Last reviewed 2025-03-05 · How we verify

NCT06837688

Enhancing Soft Tissues Around Inserted Implants by Two Different Methods

Quick facts

Drugs / interventions tested

• Peri-implant soft tissue augmentation using connective tissue graft
• Peri-implant soft tissue augmentation using xenogenic collagen matrix

Conditions studied

• Missing Teeth — all drugs for Missing Teeth →

Sponsor

Damascus University

Who can join

Adults 18 to 60, any sex, with Missing Teeth. Patients with the condition only — healthy volunteers not accepted.

Sponsor's own description

This randomized controlled clinical trial investigates the efficacy of xenogeneic collagen matrix (XCM) versus autogenous subepithelial connective tissue graft (SCTG) in enhancing the peri-implant soft tissue profile around single dental implants in the aesthetic zone of the anterior maxilla. Thirty adult patients with a single missing tooth, adequate bone volume, and sufficient keratinized tissue will be recruited at Damascus University.

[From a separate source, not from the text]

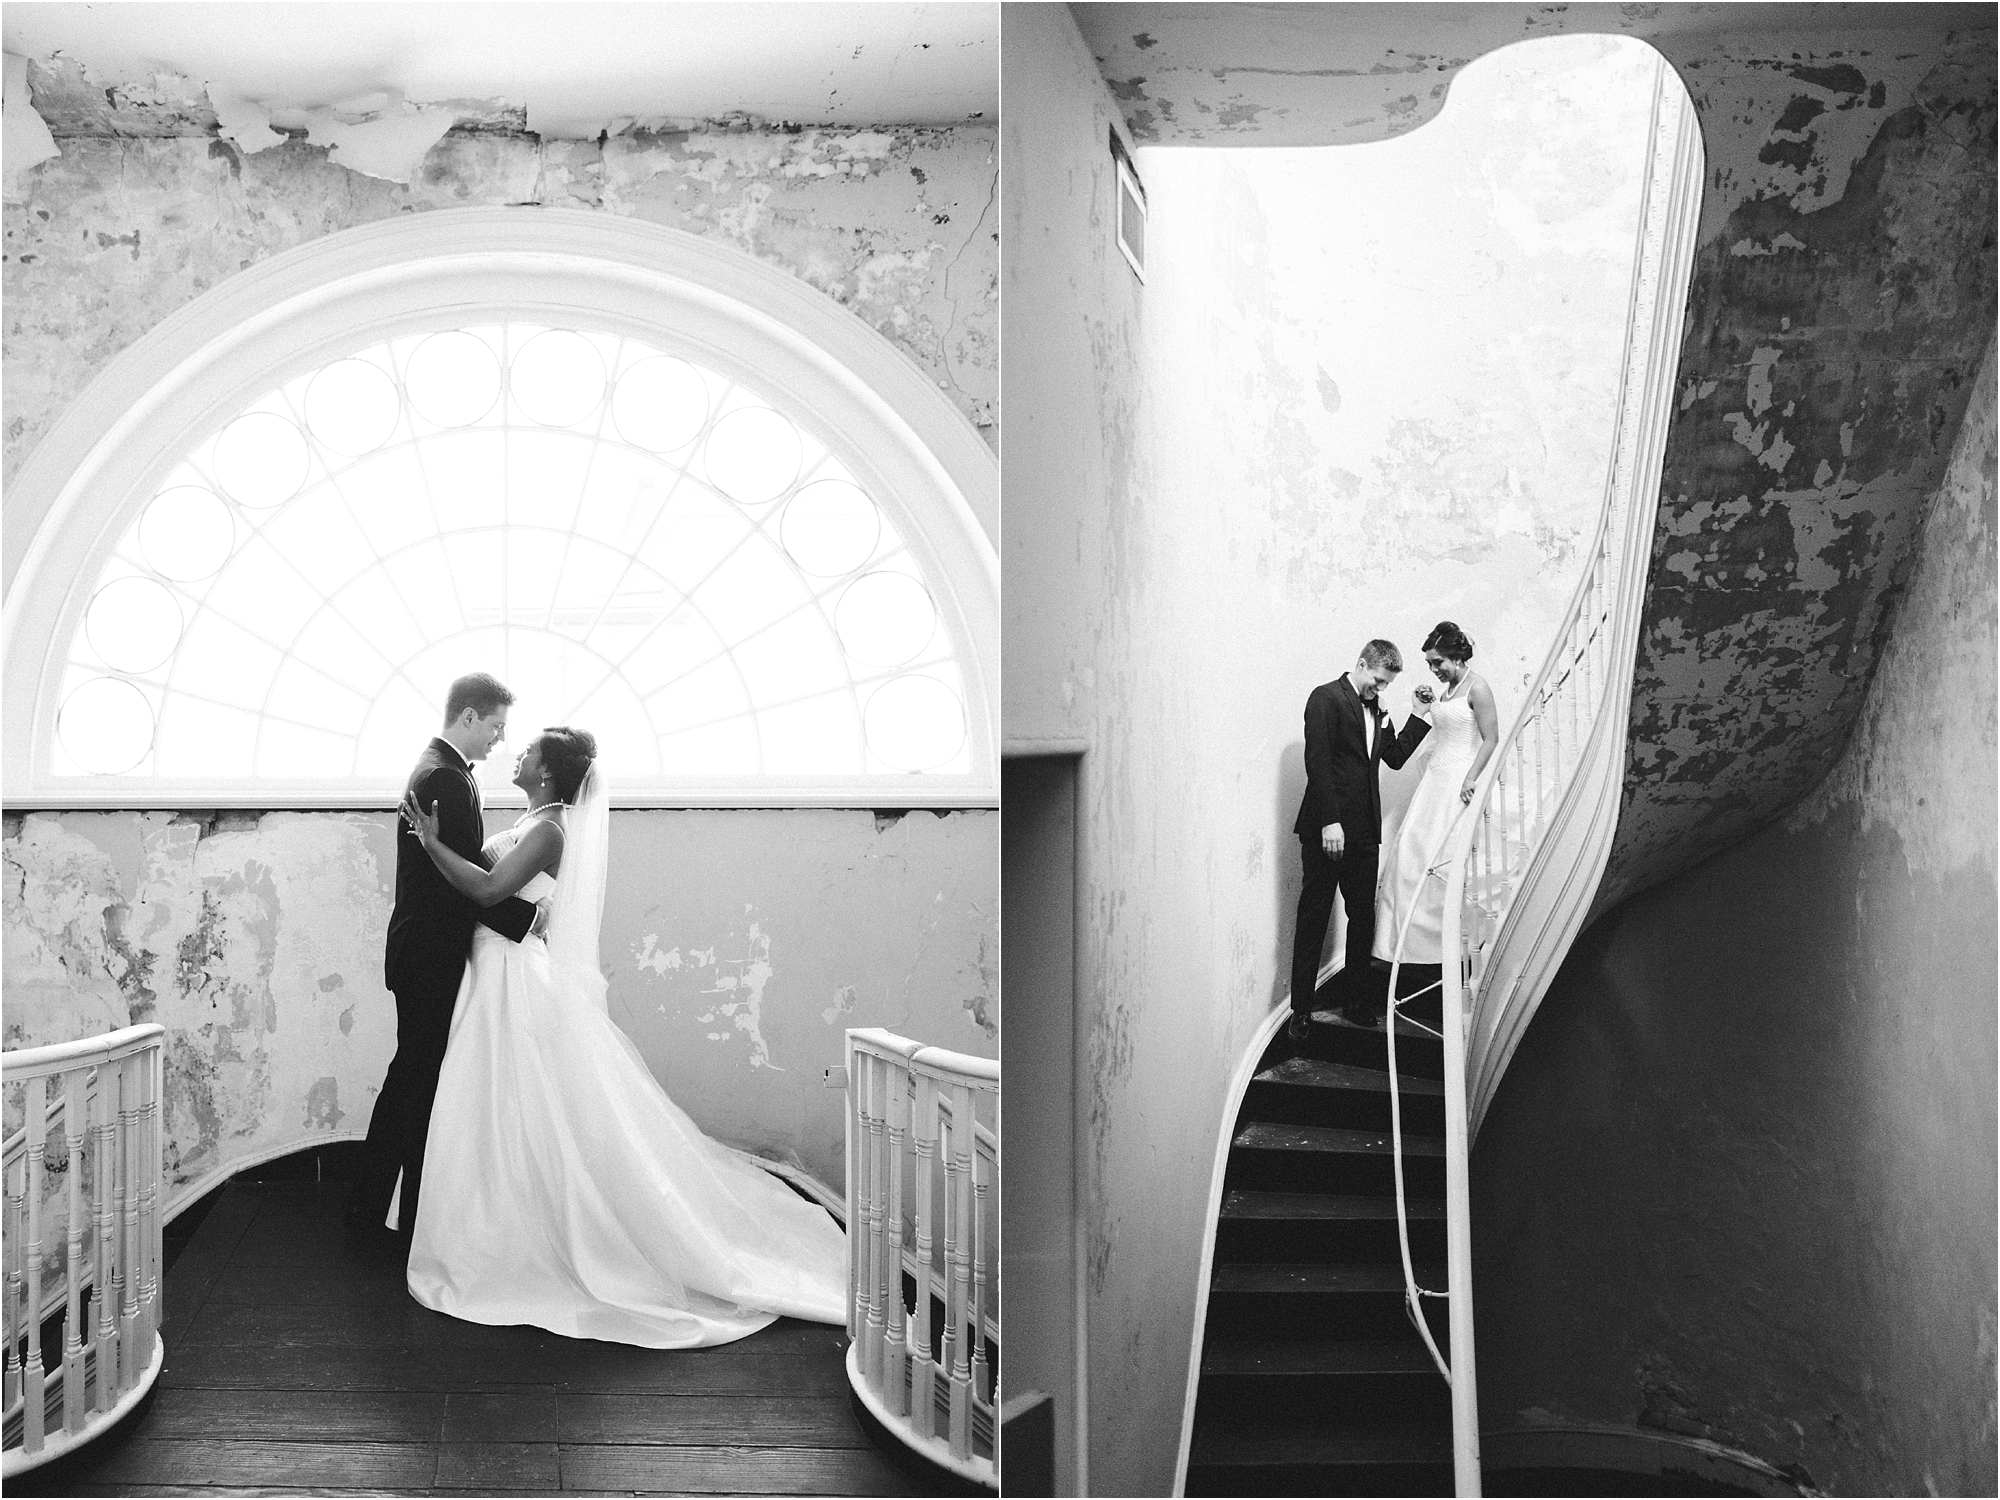 stephanie-yonce-photography-historic-church-virginia-museu-fine-arts-wedding-photos_030.JPG

Each patient will undergo a fully digital workflow for implant planning-including CBCT imaging, intraoral scanning, and CAD/CAM fabrication of a surgical guide and provisional restoration-to ensure precision in implant placement. Immediately following implant insertion, patients will be randomly allocated (1:1) to either receive a CTG harvested from the palatal mucosa using a single incision technique or an XCM (Mucoderm®, Botiss Biomaterials) that is adapted and secured to the buccal mucosa. The primary outcome is the increase in buccal soft tissue profile, measured via superimposed digital surface models at baseline, immediately postoperatively, and at 3 months. Secondary outcomes include patient-reported measures (pain, edema, aesthetic satisfaction), clinical parameters (keratinized tissue width, soft tissue height), peri-implant health assessments, and radiographic assessment. By comparing these two methods, the study aims to determine whether the less invasive XCM can offer outcomes comparable to the CTG standard while reducing donor site morbidity and overall surgical time.

Publications & conference data

No peer-reviewed publications indexed yet for this trial.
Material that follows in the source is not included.